Summary of benchmarking results, comparing pseudogene predictions by Pseudofinder to those of two other softwares: PGAP and DFAST (run with two different gene-callers). (A and B) ‘Upset’ plots (Conway et al. 2017), showing the overlap and differences between the three pipelines in pseudogenes predicted from Shewanella (A) and Sodalis (B). Each bar in the barplot represents the total number of pseudogenes that overlap between the pipelines denoted with dots below. (C) Barplots showing the types of pseudogenes that were predicted only by Pseudofinder in Shewanella and Sodalis (i.e., Pseudofinder-specific pseudogenes).

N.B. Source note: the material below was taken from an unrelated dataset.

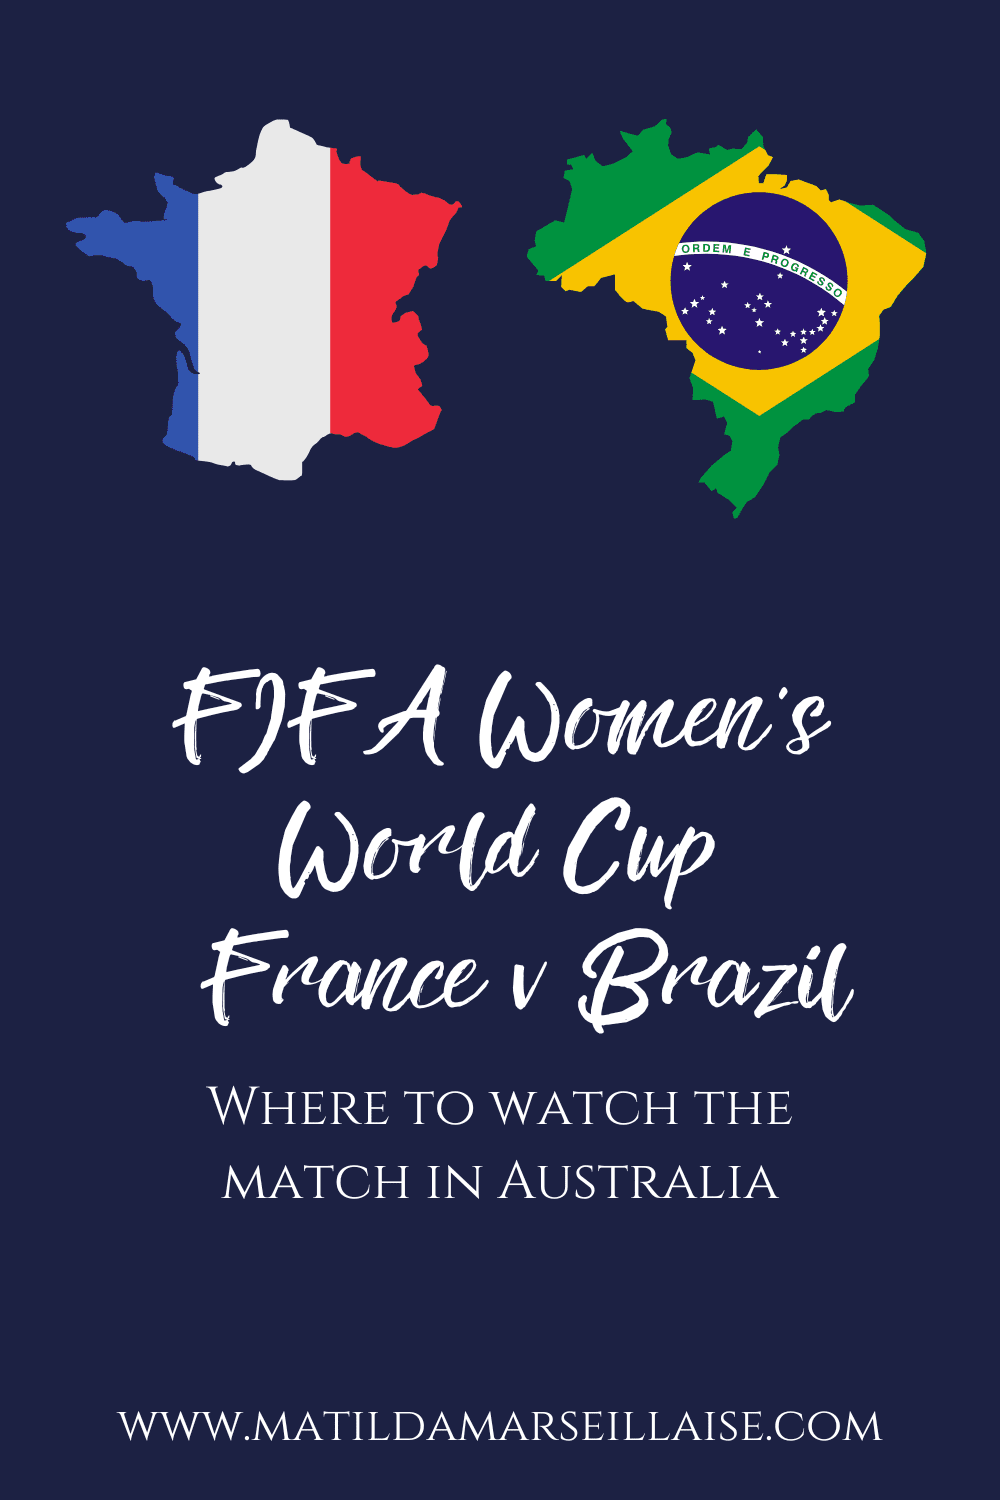 France v Brazil in Australia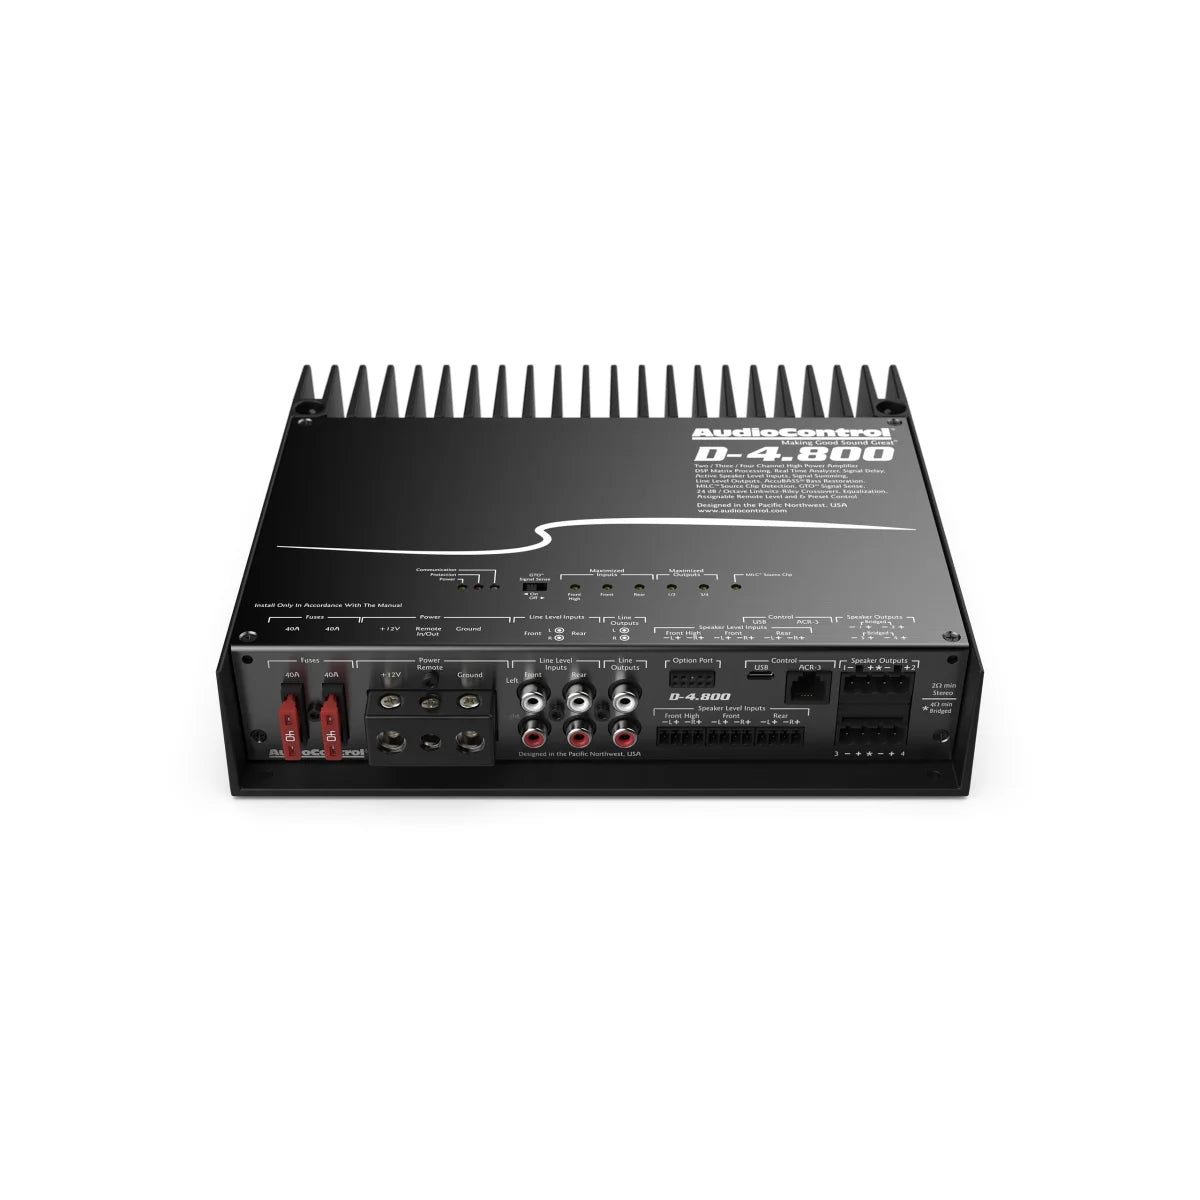 AUDIOCONTROL Audiocontrol D-4.8004-Kanal DSP-Verstärker 4-Kanal DSP-Verstärker

Italicized numbers at the bottom of each bar indicate the number of Pseudofinder-specific pseudogenes predicted in each genome.
Fig. 2.
Fig. 2.
Pseudofinder workflow: the main Annotate branch is shown in the top part of the workflow, where predicted coding and intergenic regions are compared against proteins from a reference database, allowing the software to identify truncated and run-on ORFs, fragmented genes, and highly degraded gene remnants that lack identifiable gene features. The Sleuth branch is shown in the bottom part of the workflow, where genes from a closely related reference genome are compared against the genome-of-interest to identify gene inactivations at a finer scale; these inactivations, or gene breakages, can include significant frameshift-inducing indels (i.e., indels that results in substantial changes to the protein sequence), nonsense substitutions, loss of start and stop codons, and relaxed selection (elevated dN/dS, measured using PAML, Yang 2007). Information obtained from these two branches are then consolidated and provided to the user in the form of GFF and FASTA files for downstream processing. Pseudofinder also provides multiple ways for users to visualize the results, including a PDF-formatted genome diagram/map, as well as an HTML-formatted files for interactive exploration of pseudogene predictions.